Entenda o que significam as brechas digitais de gênero e raça e o porquê de precisarmos denunciar as desigualdades de gênero durante todo o ano, e não somente em março

Desde a década de 80 o mês de março é marcado como o Mês da História da Mulher, sendo o dia 08 de março o grande marco com o Dia Internacional da Mulher. Neste período, as atenções estão voltadas não apenas para a celebração das conquistas e histórias das mulheres, mas também, e sobretudo, para direcionar uma atenção crítica para igualdade e as oportunidades para este grupo social. Mas… a provocação que eu faço com esse texto é sobre a necessidade de jogar luz sobre tais temáticas não somente no mês de março, mas sim durante todo o ano.

É urgente a necessidade de evidenciar o protagonismo e denunciar as violências da cultura cis-sexista e racista que conformam as bases do mundo moderno e, consequentemente, estão enraizadas também na cultura digital. Afinal de contas, conhecimento não existe fora de um contexto social que o concebe. E tudo isso cria uma disparidade digital, onde aqueles que têm acesso e habilidades tecnológicas desfrutam de vantagens significativas em termos de acesso à informação, oportunidades de emprego e participação em atividades sociais e econômicas online, enquanto aqueles que estão excluídos digitalmente enfrentam barreiras profundas para participar plenamente da sociedade digital. Alguns autores nomeiam esse fenômeno de brechas tecnológicas, outros chamam de brechas digitais, alguns até de techno-apartheid. E quando acrescidos os aspectos de desigualdades étnico-raciais e a hegemonia masculina branca na construção, pesquisa e desenvolvimento das tecnologias, tem-se as brechas digitais de gênero e raça

Pesquisadoras ciberfeministas e, também, aquelas que versam com um referencial feminista negro interseccional vão informar que tais brechas não podem ser medidas apenas estatisticamente, pois as hierarquias de gênero e raça operam não somente na construção das tecnologias, mas também na dimensão subjetiva das pessoas. A autora argentina Cecilia Castaño identifica três tipos de divisões ou brechas digitais. A primeira delas se refere ao acesso, a segunda ao uso e a última à produção das tecnologias, e falaremos aqui de cada uma delas.
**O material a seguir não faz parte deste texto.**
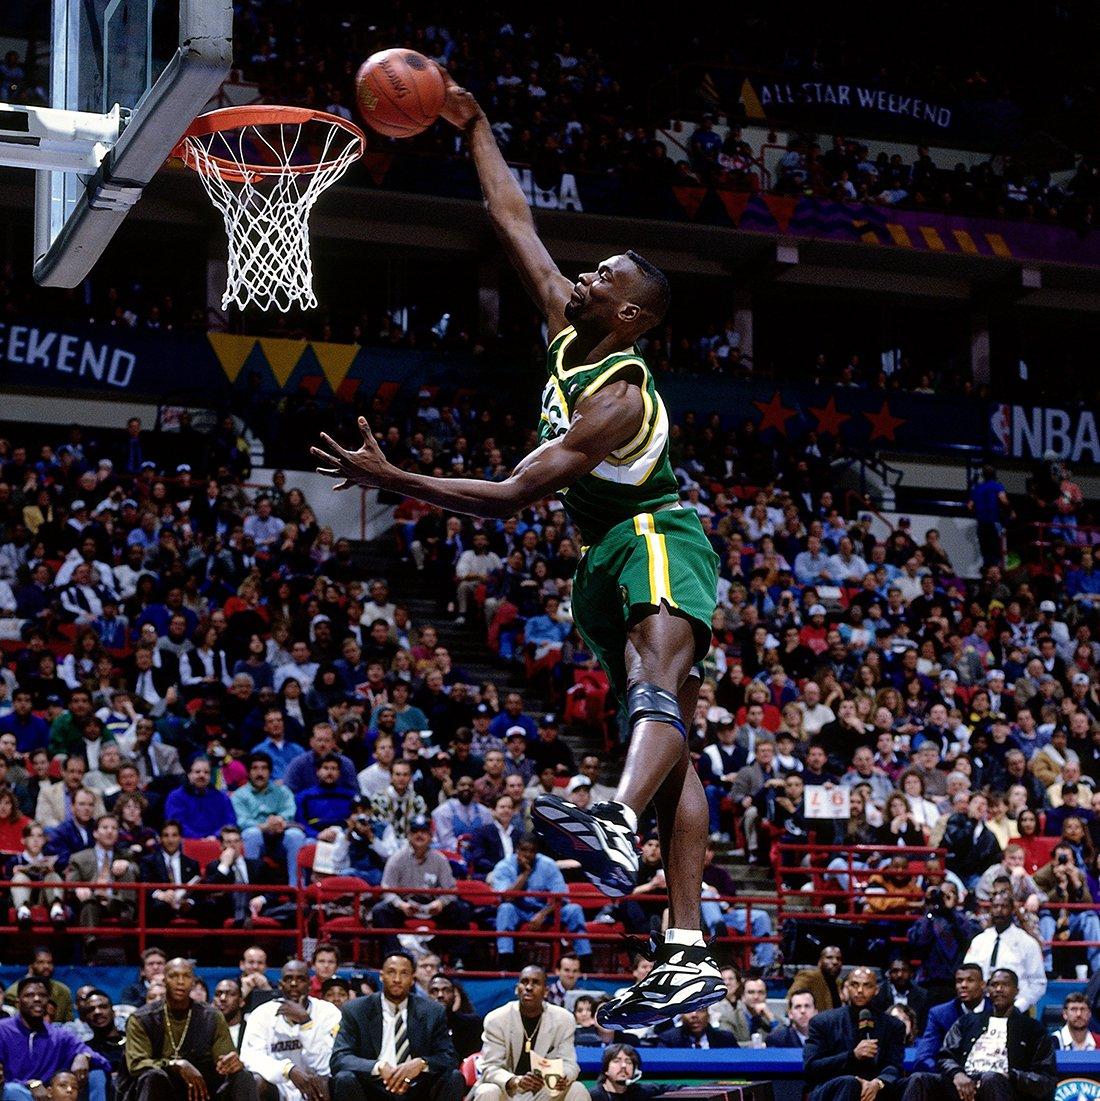 Shawn Kemp 1994 Slam Dunk Contest en viva basquet

Brechas no acesso às tecnologias

Mulheres cis e trans podem enfrentar barreiras no acesso a dispositivos digitais, como computadores, smartphones e conexão à Internet, devido a fatores socioeconômicos, culturais ou geográficos. Esse problema é intensificado em algumas comunidades, especialmente aquelas localizadas em áreas rurais, periféricas, ribeirinhas e/ou territórios tradicionais, onde pessoas de grupos étnicos minoritários podem enfrentar desafios adicionais para acessar a tecnologia devido a barreiras socioeconômicas, culturais ou estruturais. 

Mensurável quantitativamente, a brecha no acesso pode ser demonstrada através dos dados obtidos pela pesquisa TIC Domicílios 2023, que evidenciou, por exemplo, que 89% das mulheres e 87% dos homens são usuários de Internet. Mas calma!!! Apesar de neste caso nós estarmos em maior número, o que evidencia a desigualdade é em como se dá esse acesso.

No que se refere ao uso exclusivo da internet pelo celular, entre os homens o número é de 51%, enquanto entre as mulheres a porcentagem é de 64%, e quando acrescido o agrupamento de cor/raça, identificou-se que entre pessoas negras esse número é de 64%, indígenas 83% e brancas 48%. Entre pessoas da classe DE, o percentual chega a 87%, o que evidencia – dentre outras coisas – a maior vulnerabilidade de mulheres cis e trans, pessoas negras e indígenas e pobres à uma grave problemática da democracia brasileira: a desinformação, que atinge com mais intensidade a parcela da população que possui apenas o celular como ferramenta de acesso à informação. Àqueles que utilizam apenas o plano pré-pago estão sujeitos ainda a prática de zero rating (ou tarifa zero), estratégia pela qual as empresas de telefonia oferecem acesso a aplicações como o Whatsapp sem descontar dados da franquia do pacote de Internet contratado pelo usuário, dificultando a circulação e checagem de informações. 

Inclusive, para combater esta prática, o IRIS, junto com o Data Labe e a Coalizão pelos Direitos na Rede lançaram a campanha #LiberaMinhaNet, que propõe o fim do atual sistema de franquia de dados, e a oferta de planos de internet móvel que assegurem uma velocidade mínima para utilização após o consumo dos dados, promovendo a liberdade de acesso sem restrições. Convido você a acessar o site para entender mais!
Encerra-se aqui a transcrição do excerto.